Constraining Galactic cosmic-ray parameters with Z<=2 nuclei

TL;DR

This study uses recent cosmic-ray data and advanced analysis techniques to constrain Galactic cosmic-ray propagation parameters, showing that ratios involving helium isotopes provide constraints comparable to traditional B/C ratios.

Contribution

It introduces a comprehensive analysis of helium isotope ratios using updated cross-sections and MCMC methods, providing competitive constraints on cosmic-ray transport parameters.

Findings

Transport parameters are consistent across different isotope ratios.

Adding helium flux data tightens parameter constraints.

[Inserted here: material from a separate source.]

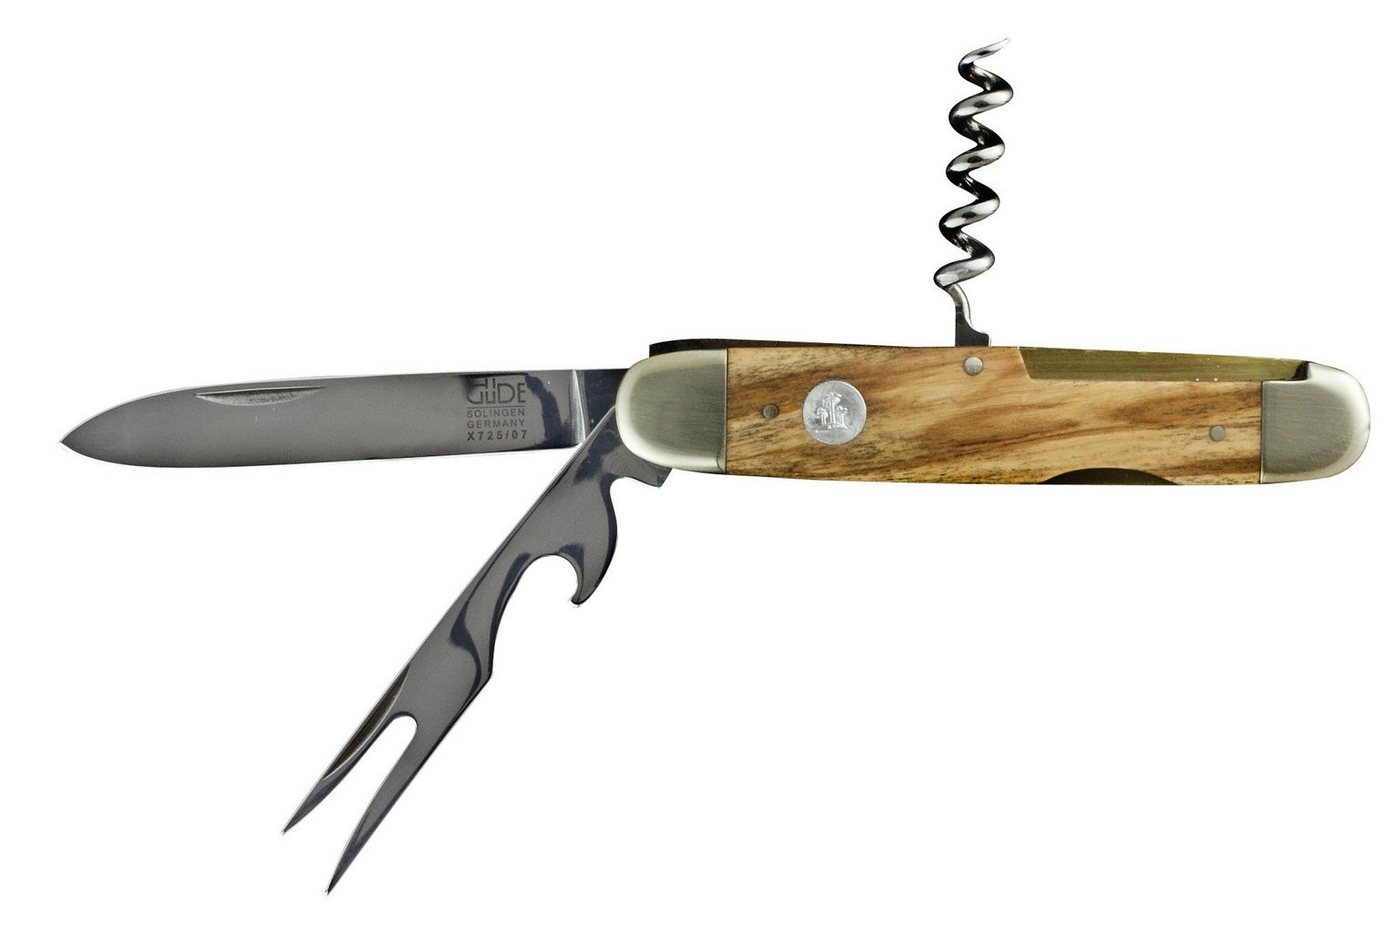 Güde Messer Solingen Taschenmesser Taschenmesser mit Gabel, Serie Alpha Olive, No. X725/07 von Güde Messer Solingen

Analysis reveals biases increase with more data, emphasizing robust methods.

Abstract

The secondary-to-primary B/C ratio is widely used to study Galactic cosmic-ray propagation processes. The 2H/4He and 3He/4He ratios probe a different Z/A regime, therefore testing the `universality' of propagation. We revisit the constraints on diffusion-model parameters set by the quartet (1H, 2H, 3He, 4He), using the most recent data as well as updated formulae for the inelastic and production cross-sections. The analysis relies on the USINE propagation package and a Markov Chain Monte Carlo technique to estimate the probability density functions of the parameters. Simulated data are also used to validate analysis strategies. The fragmentation of CNO cosmic rays (resp. NeMgSiFe) on the ISM during their propagation contributes to 20% (resp. 20%) of the 2H and 15% (resp. 10%) of the 3He flux at high energy. The C to Fe elements are also responsible for up to 10% of the 4He flux measured at 1 GeV/n. The analysis of 3He/4He (and to a less extent 2H/4He) data shows that the transport parameters are consistent with those from the B/C analysis: the diffusion model with delta~0.7 (diffusion slope), Vc~20 km/s (galactic wind), Va~40 km/s (reacceleration) is favoured, but the combination delta~0.2, Vc~0, and Va~80 km/s is a close second. The confidence intervals on the parameters show that the constraints set by the quartet data are competitive with those brought by the B/C data. These constraints are tighter when adding the 3He (or 2H) flux measurements, and the tightest when further adding the He flux. For the latter, the analysis of simulated and real data show an increased sensitivity to biases. Using secondary-to-primary ratio along with a loose prior on the source parameters is recommended to get the most robust constraints on the transport parameters.